CA is found to target platelet-derived growth factor receptor (PDGFR) in coronary artery cancer through its underlying mechanism on human coronary smooth muscle cells (SMCs). CA inhibited proliferation and migration of PDGF and induced apoptosis [80]; it alters the activation of AKT1, MEK1, and ERK1/2 signaling molecules at 10–60 min after CA treatment. CA triggered the activation of cytochrome C from mitochondria to cytosol, upregulated the proapoptotic gene Bax, and downregulated the antiapoptotic gene Bcl-2. The mitochondrion-dependent apoptotic signaling pathway is precipitated by CA, which created anti-proliferation, antimigration, and proapoptotic effects on human SMCs after PDGF stimulation [80].

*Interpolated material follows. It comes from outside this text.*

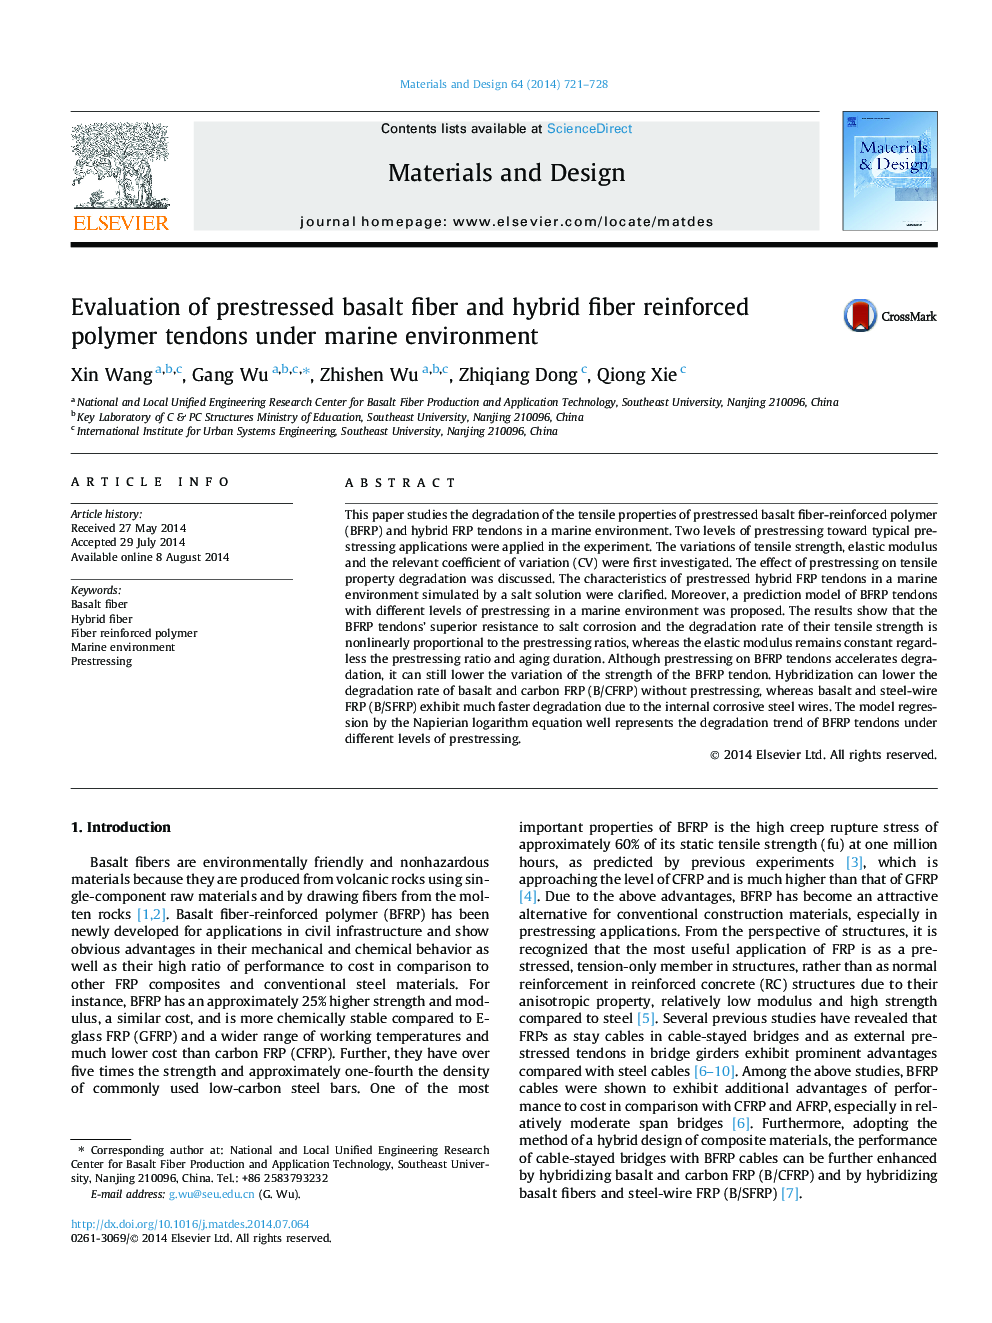 Evaluation of prestressed basalt fiber and hybrid fiber reinforced polymer tendons under marine environment
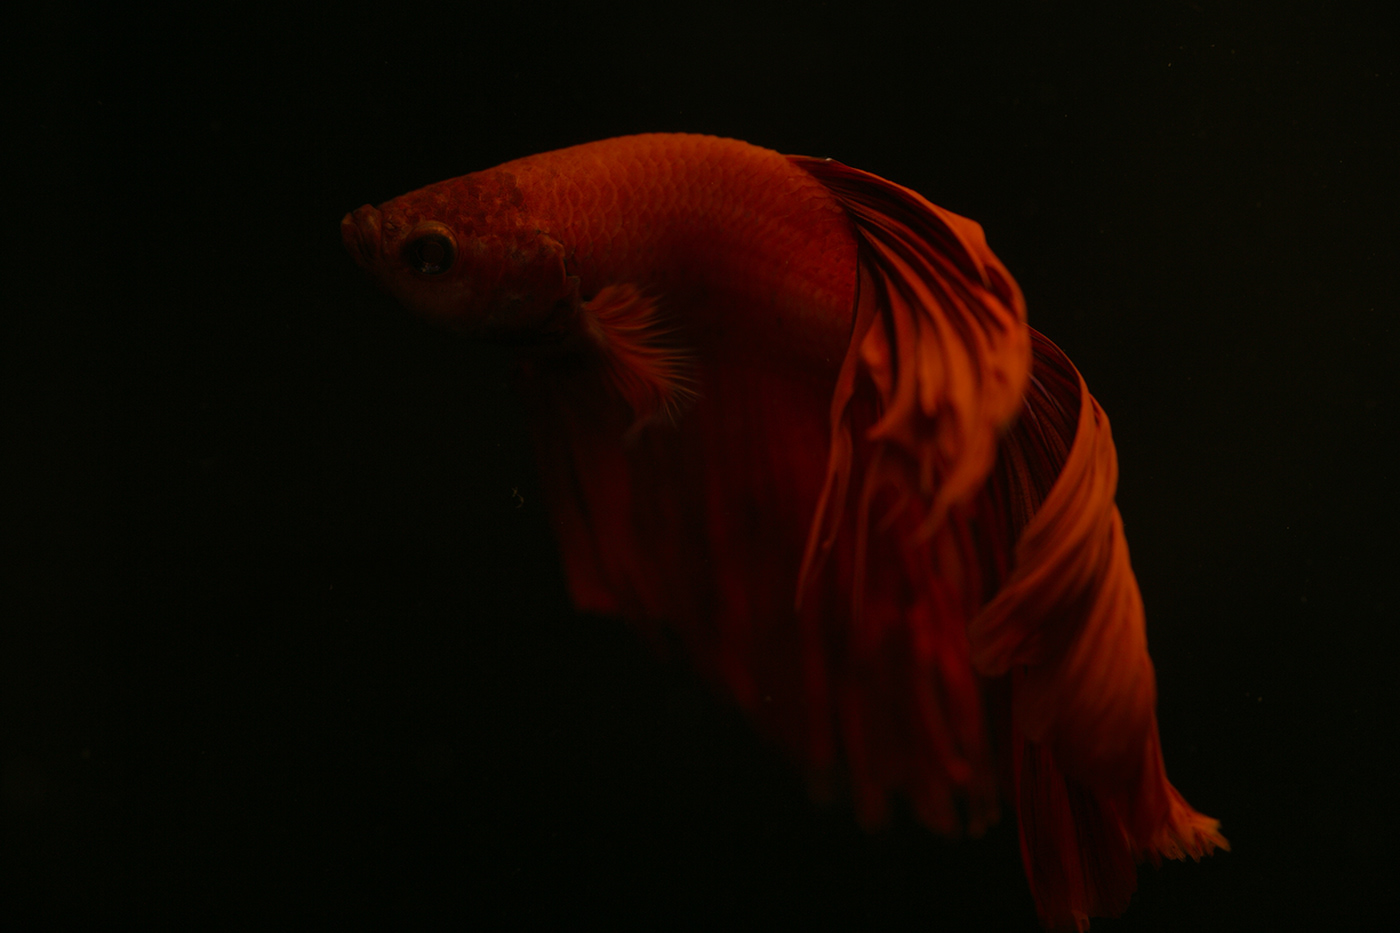 Behance Photography  macro Pet fish portrait

CA suppresses the growth of breast cancer by targeting insulin receptors in the estrogen. Estrogen receptor (ER) is sensitive to the caffeic acid; it induced cell death in MCF-7 with reduced prosurvival Bcl-xL levels but increased active caspase-7 and cleaved PARP, leading to apoptosis [81]. CA reduced the insulin-like growth factor-I receptor (IGF-IR) and pAkt levels in both ER(+) and ER(−) cells. This effect disrupts the progression of the cell cycle and enhanced cell death.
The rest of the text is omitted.